By Jonathan Ellis, Systems Architect

Unprecedented data volumes are driving businesses to look at alternatives to the traditional relational database technology that has served us well for over thirty years.  Collectively, these alternatives have become known as “NoSQL databases.”

The fundamental problem is that relational databases cannot handle many modern workloads.  There are three specific problem areas: scaling out to data sets like Digg’s (3 TB for green badges) or Facebook’s (50 TB for inbox search) or eBay’s (2 PB overall), per-server performance, and rigid schema design.

Businesses, including The Rackspace Cloud, need to find new ways to store and scale large amounts of data. I recently wrote a post on  Cassandra, a non-relational database we have committed resources to. There are other non-relational databases being worked on and collectively, we call this the “NoSQL movement.”

The “NoSQL” term was actually coined by a fellow Racker, Eric Evans when Johan Oskarsson of Last.fm wanted to organize an event to discuss open source distributed databases. The name and concept both caught on.

Some people object to the NoSQL term because it sounds like we’re defining ourselves based on what we aren’t doing rather than what we are. That’s true, to a degree, but the term is still valuable because when a relational database is the only tool you know, every problem looks like a thumb.  NoSQL is making people aware that there are other options out there. But we’re not anti-relational-database for when that really is the best tool for the job; it’s “Not Only SQL,” rather than “No SQL at all.”

One real concern with the NoSQL name is that it’s such a big tent that there is room for very different designs.  If this is not made clear when discussing the various products, it results in confusion.  So I’d like to suggest three axes along which to think about the many database options: scalability, data and query model, and persistence design.

I have chosen 10 NoSQL databases as examples.  This is not an exhaustive list, but the concepts discussed are crucial for evaluating others as well.

Scalability

Scaling reads is easy with replication, so when we’re talking about scaling in this context, we mean scaling writes by automatically partitioning data across multiple machines.  We call systems that do this “distributed databases.”  These include Cassandra, HBase, Riak, Scalaris, Voldemort, and more.  If your write volume or data size is more than one machine can handle then these are your only options if you don’t want to manage partitioning manually.  (You don’t.)

There are two things to look for in a distributed database: 1) support for multiple datacenters and 2) the ability to add new machines to a live cluster transparently to your applications.

Non-distributed NoSQL databases include CouchDB, MongoDB, Neo4j, Redis, and Tokyo Cabinet.  These can serve as persistence layers for distributed systems; MongoDB provides limited support for sharding, as does a separate Lounge project for CouchDB, and Tokyo Cabinet can be used as a Voldemort storage engine.

Data and Query Model

There is a lot of variety in the data models and query APIs in NoSQL databases.

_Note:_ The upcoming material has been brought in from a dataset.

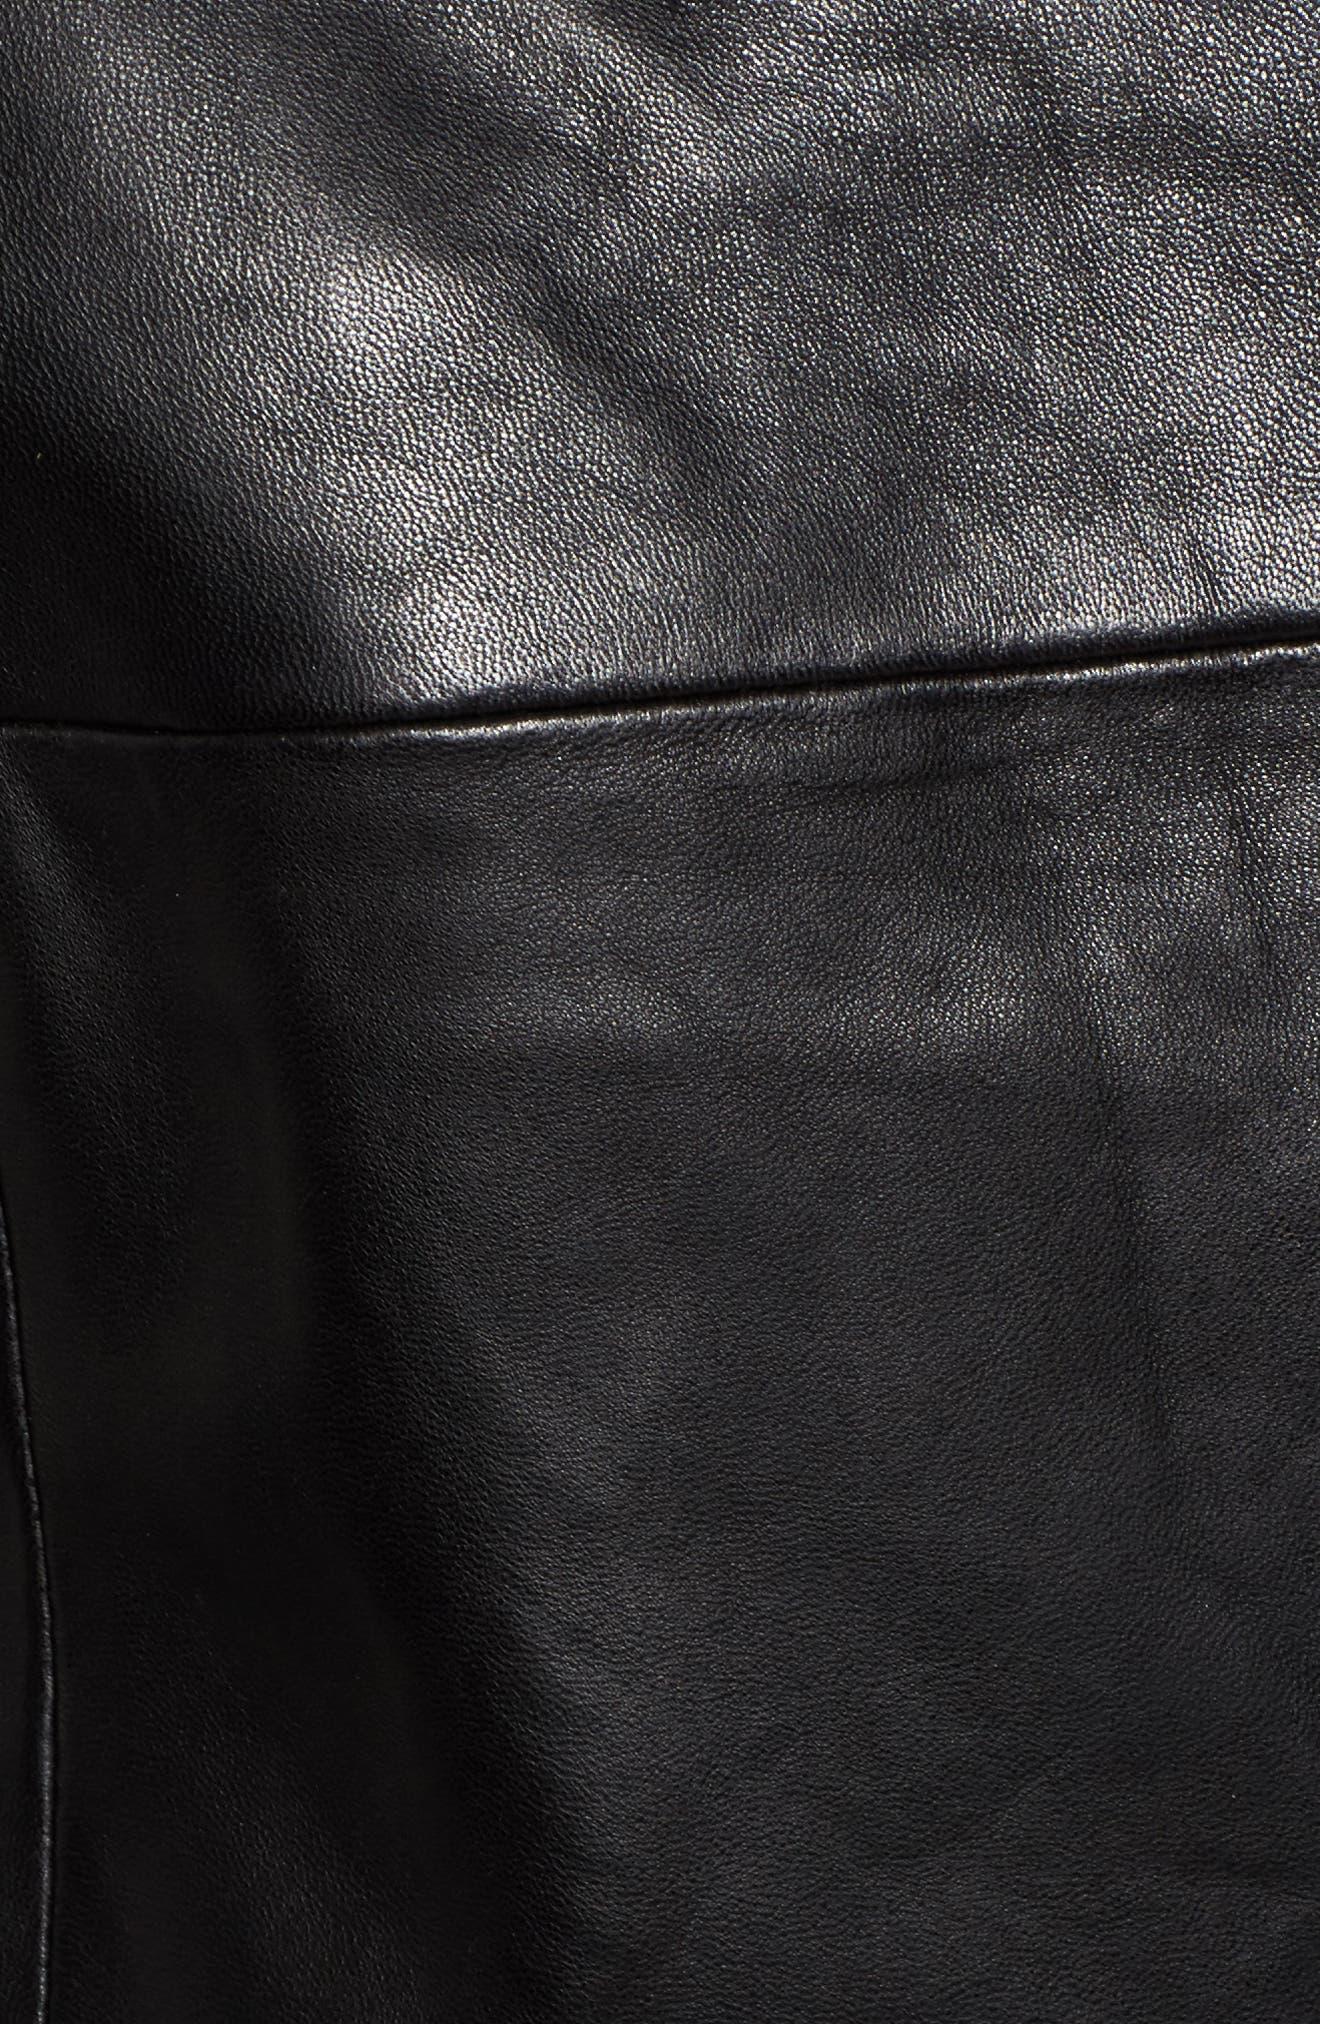 Belted Leather Moto Jacket,                             Alternate thumbnail 6, color,

(Respective Links: Thrift, map/reduce views, Thrift, Cursor, Graph, Collection, Nested hashes, get/put, get/put, get/put)

Some highlights:

The columnfamily model shared by Cassandra and HBase is inspired by the one described by Google’s Bigtable paper, section 2.  (Cassandra drops historical versions, and adds supercolumns.) In both systems, you have rows and columns like you are used to seeing, but the rows are sparse: each row can have as many or as few columns as desired, and columns do not need to be defined ahead of time.

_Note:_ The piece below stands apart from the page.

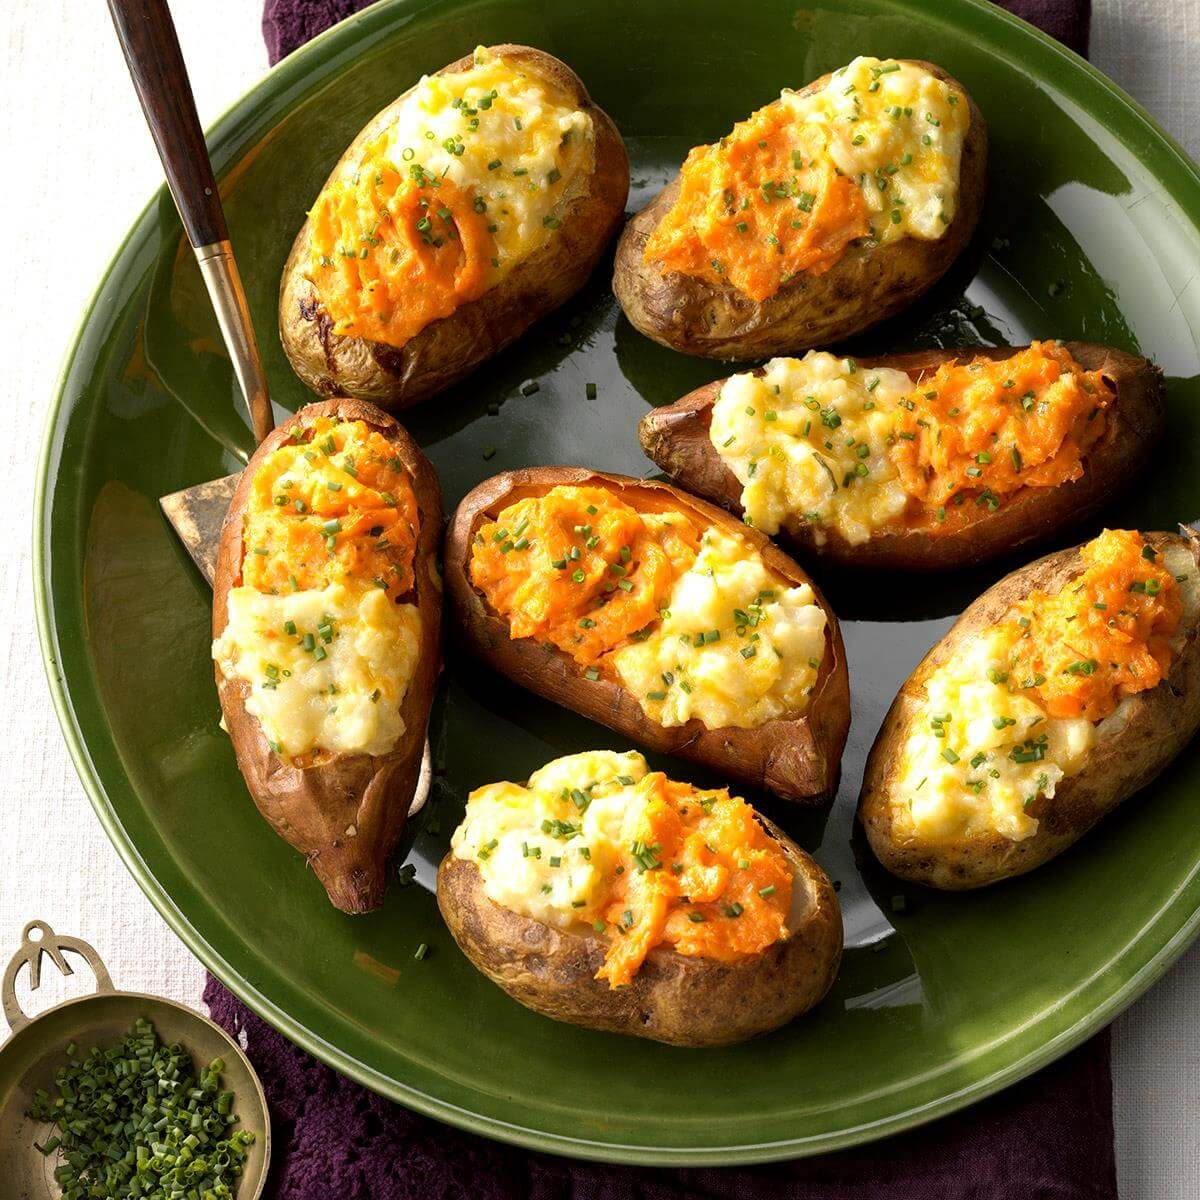 Nebraska: Two-Tone Baked Potatoes

The Key/value model is the simplest and easiest to implement but inefficient when you are only interested in querying or updating part of a value.  It’s also difficult to implement more sophisticated structures on top of distributed key/value.

Document databases are essentially the next level of Key/value, allowing nested values associated with each key.  Document databases support querying those more efficiently than simply returning the entire blob each time.

Neo4J has a really unique data model, storing objects and relationships as nodes and edges in a graph.  For queries that fit this model (e.g., hierarchical data) they can be 1000s of times faster than alternatives.

Scalaris is unique in offering distributed transactions across multiple keys.  (Discussing the trade-offs between consistency and availability is beyond the scope of this post, but that is another aspect to keep in mind when evaluating distributed systems.)

Persistence Design

By persistence design I mean, “how is data stored internally?”

The persistence model tells us a lot about what kind of workloads these databases will be good at.

In-memory databases are very, very fast (Redis achieves over 100,000 operations per second on a single machine), but cannot work with data sets that exceed available RAM.  Durability (retaining data even if a server crashes or loses power) can also be a problem; the amount of data you can expect to lose between flushes (copying the data to disk) is potentially large.  Scalaris, the other in-memory database on our list, tackles the durability problem with replication, but since it does not support multiple data centers your data will be still be vulnerable to things like power failures.

Memtables and SSTables buffer writes in memory (a “memtable”) after writing to an append-only commit log for durability.  When enough writes have been accepted, the memtable is sorted and written to disk all at once as a “sstable.”  This provides close to in-memory performance since no seeks are involved, while avoiding the durability problems of purely in-memory approaches.  (This is described in more detail in sections 5.3 and 5.4 of the previously-referenced Bigtable paper, as well as in The log-structured merge-tree.)

B-Trees have been used in databases since practically the beginning of time.  They provide robust indexing support, but performance is poor on rotational disks (which are still by far the most cost-effective) because of the multiple seeks involved in reading or writing anything.

An interesting variant is CouchDB’s append-only B-Trees, which avoids the overhead of seeks at the cost of limiting CouchDB to one write at a time.

Conclusion

The NoSQL movement has exploded in 2009 as an increasing number of businesses wrestle with large data volumes.  The Rackspace Cloud is pleased to have played an early role in the NoSQL movement, and continues to commit resources to Cassandra and support events like NoSQL East.

NoSQL conference announcements and related discussion can be found on the Google discussion group.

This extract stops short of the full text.